Both the Greek and Roman civilizations practiced ivory carving to make large quantities of high-value works of art, precious religious objects, and decorative boxes for costly objects. Ivory was often used to form the white of the eyes of statues.

There is some evidence of either whale or walrus ivory used by the ancient Irish. Solinus, a Roman writer in the 3rd century claimed that the Celtic peoples in Ireland would decorate their sword-hilts with the 'teeth of beasts that swim in the sea'. Adomnan of Iona wrote a story about St Columba giving a sword decorated with carved ivory as a gift that a penitent would bring to his master so he could redeem himself from slavery.

The Syrian and North African elephant populations were reduced to extinction, probably due to the demand for ivory in the Classical world.

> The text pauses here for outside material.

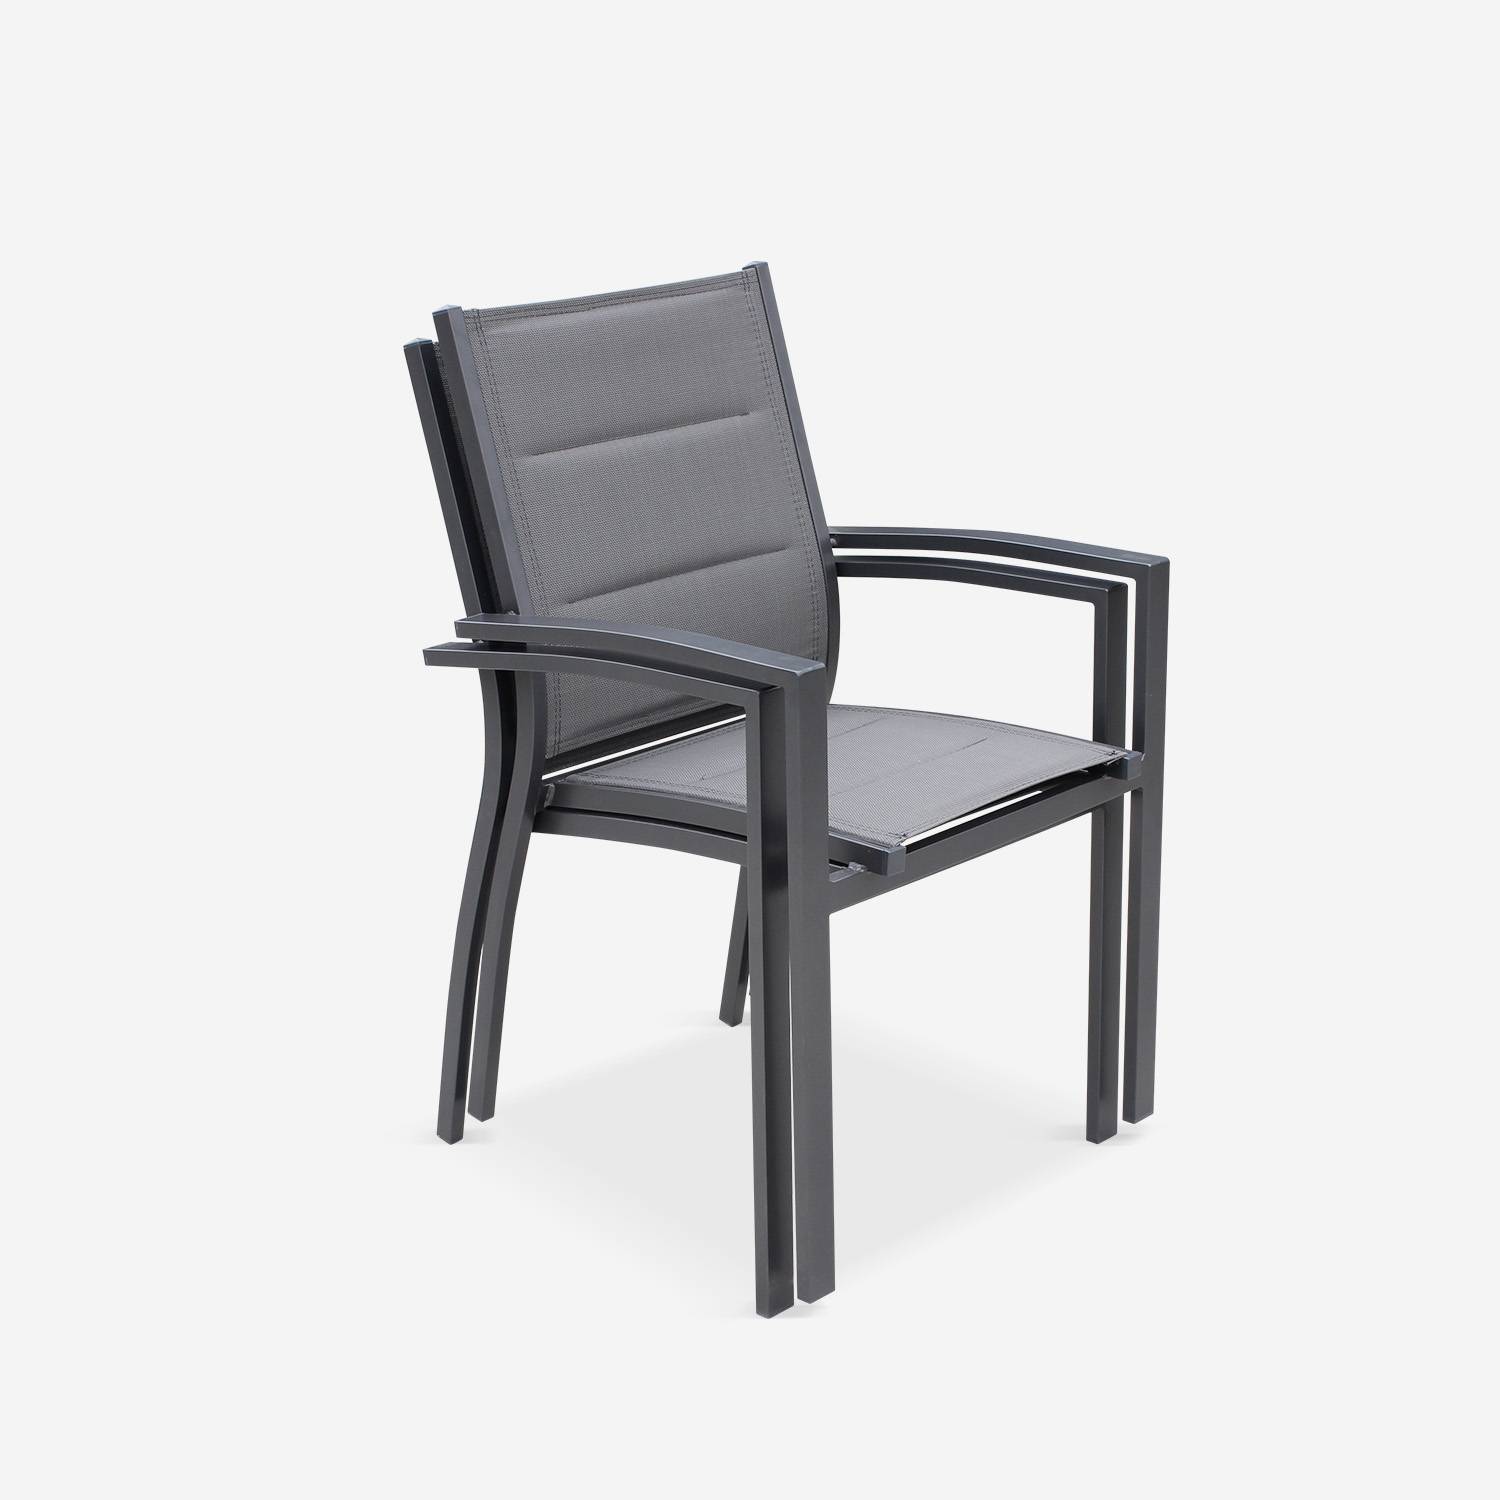 Conjunto de 2 cadeiras - Chicago / Odenton / Philadelphia Antracite - alumínio antracite e textileno cinzento escuro, empilháveis Photo5
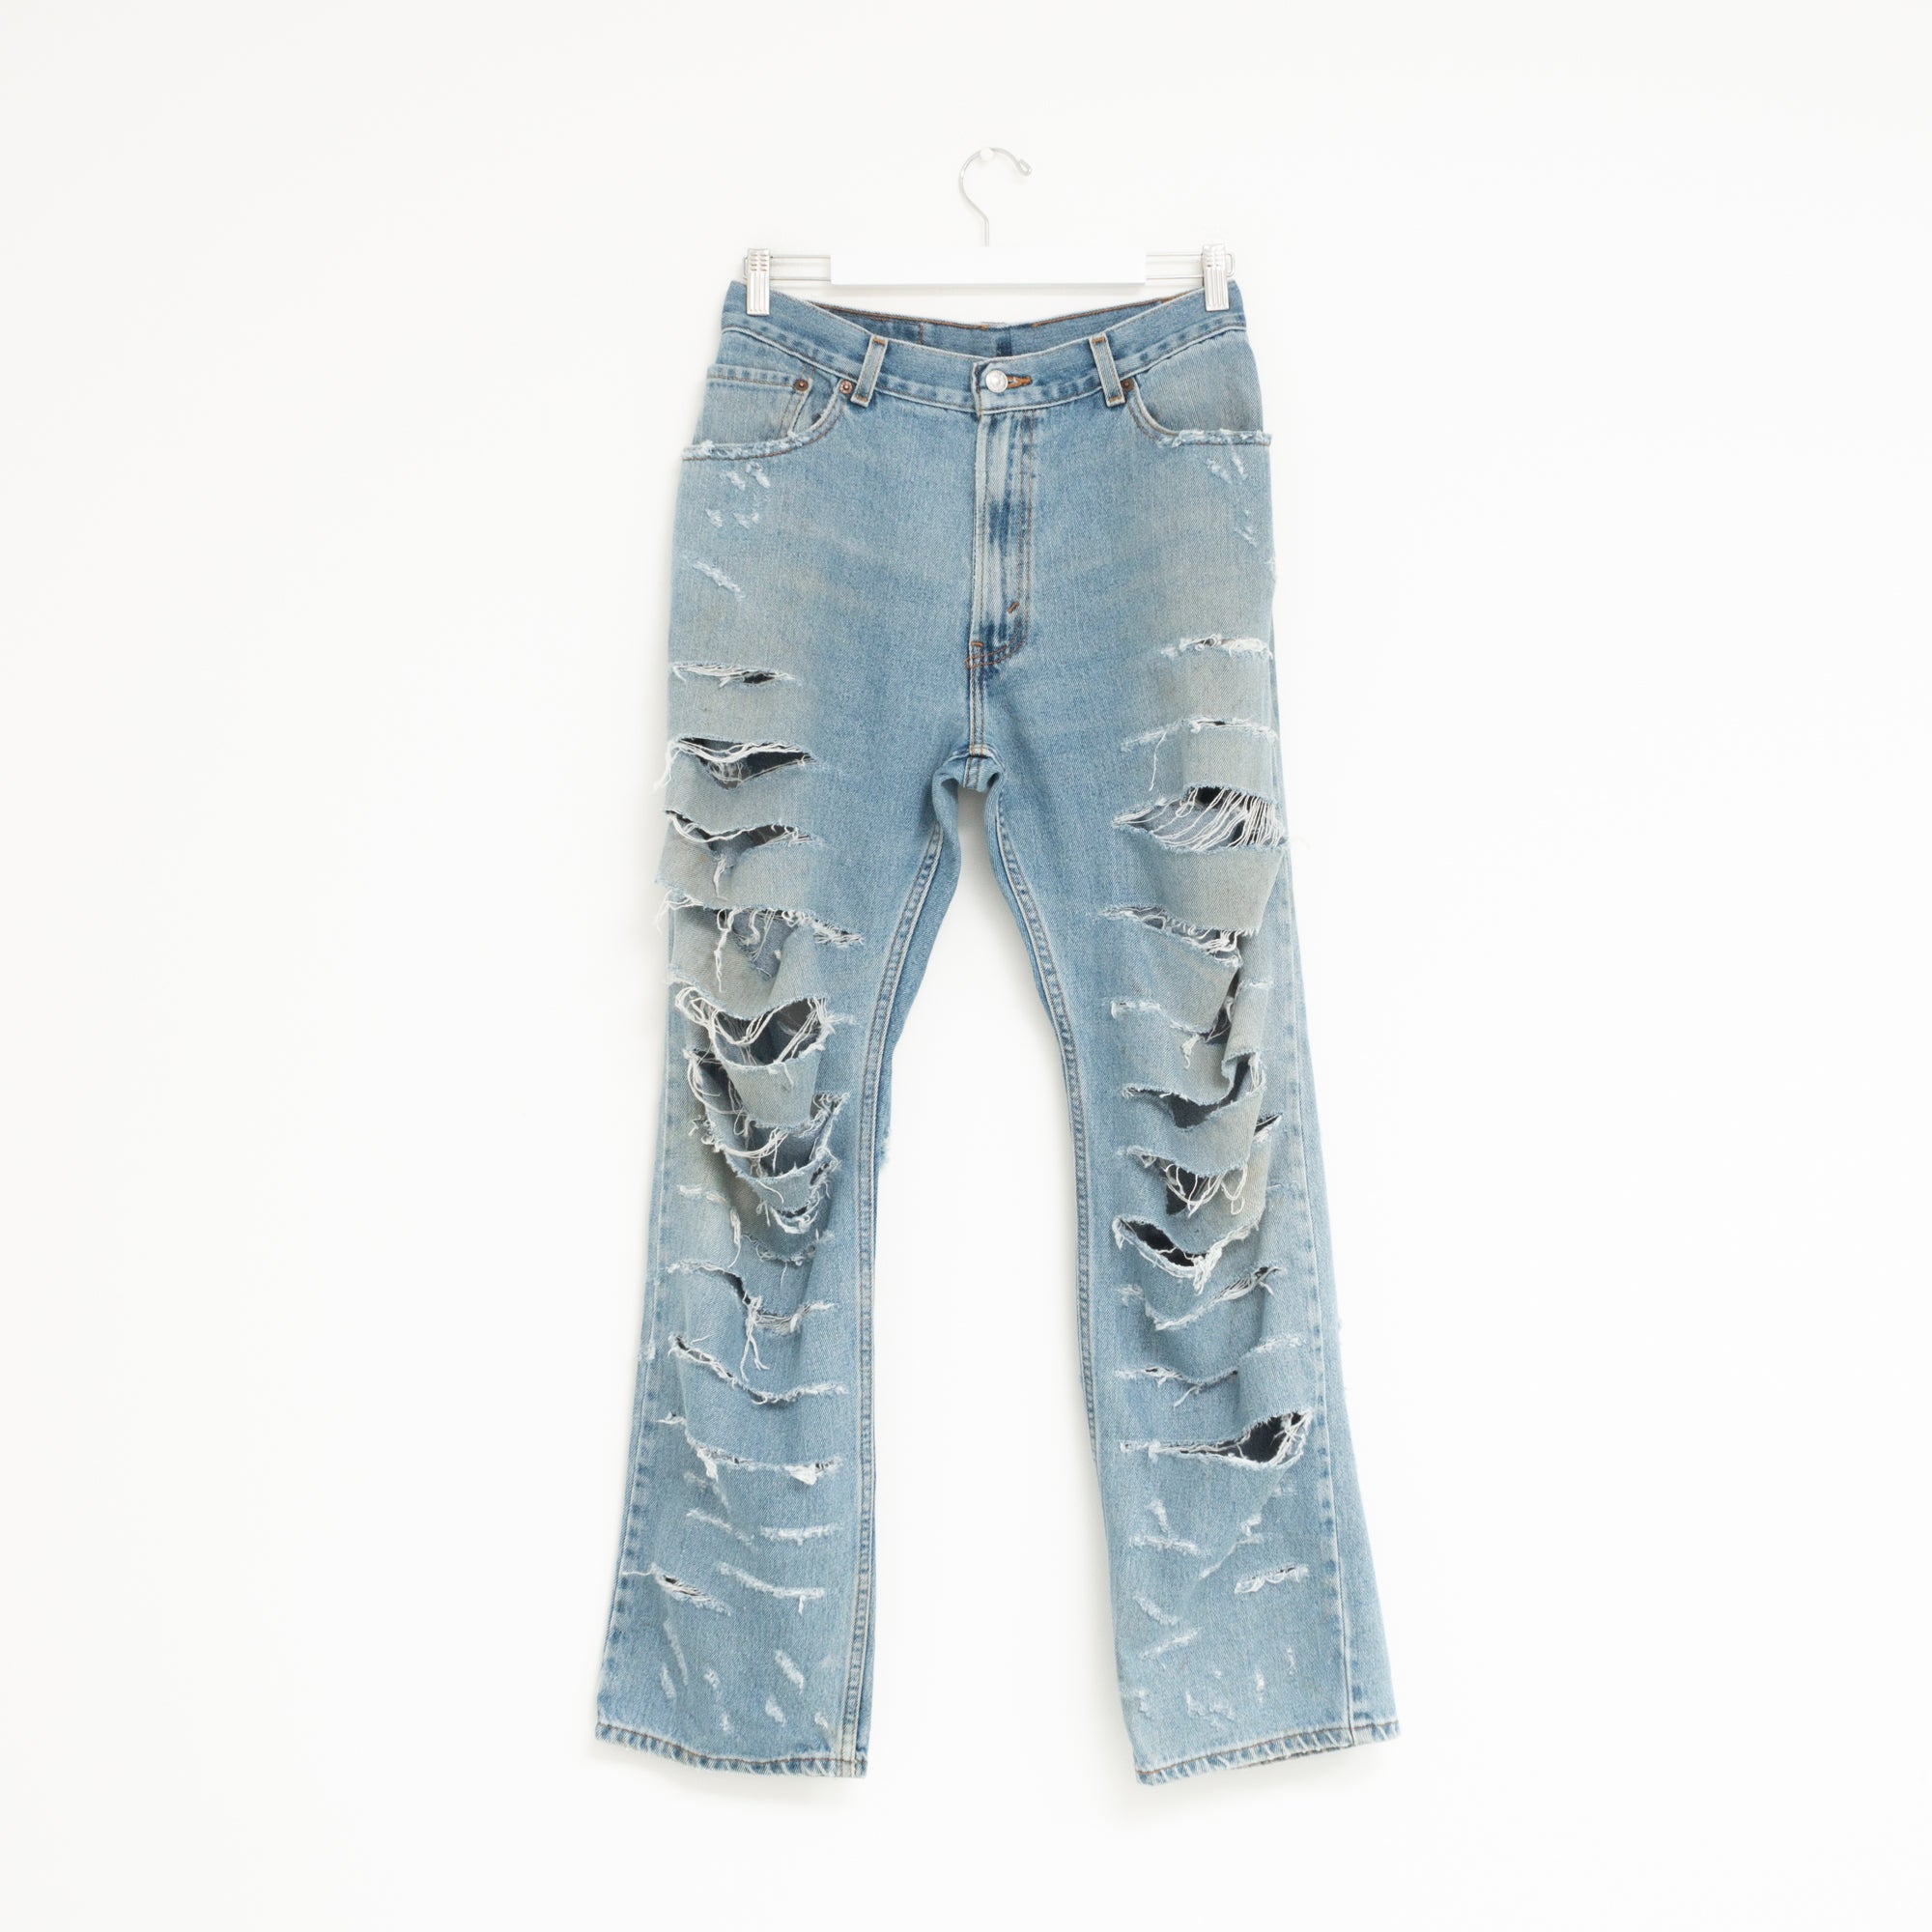 "THRASHER" Jeans W31 L31

The Chinese have long valued ivory for both art and utilitarian objects. Early reference to the Chinese export of ivory is recorded after the Chinese explorer Zhang Qian ventured to the west to form alliances to enable the eventual free movement of Chinese goods to the west; as early as the first century BC, ivory was moved along the Northern Silk Road for consumption by western nations. Southeast Asian kingdoms included tusks of the Indian elephant in their annual tribute caravans to China. Chinese craftsmen carved ivory to make everything from images of deities to the pipe stems and end pieces of opium pipes.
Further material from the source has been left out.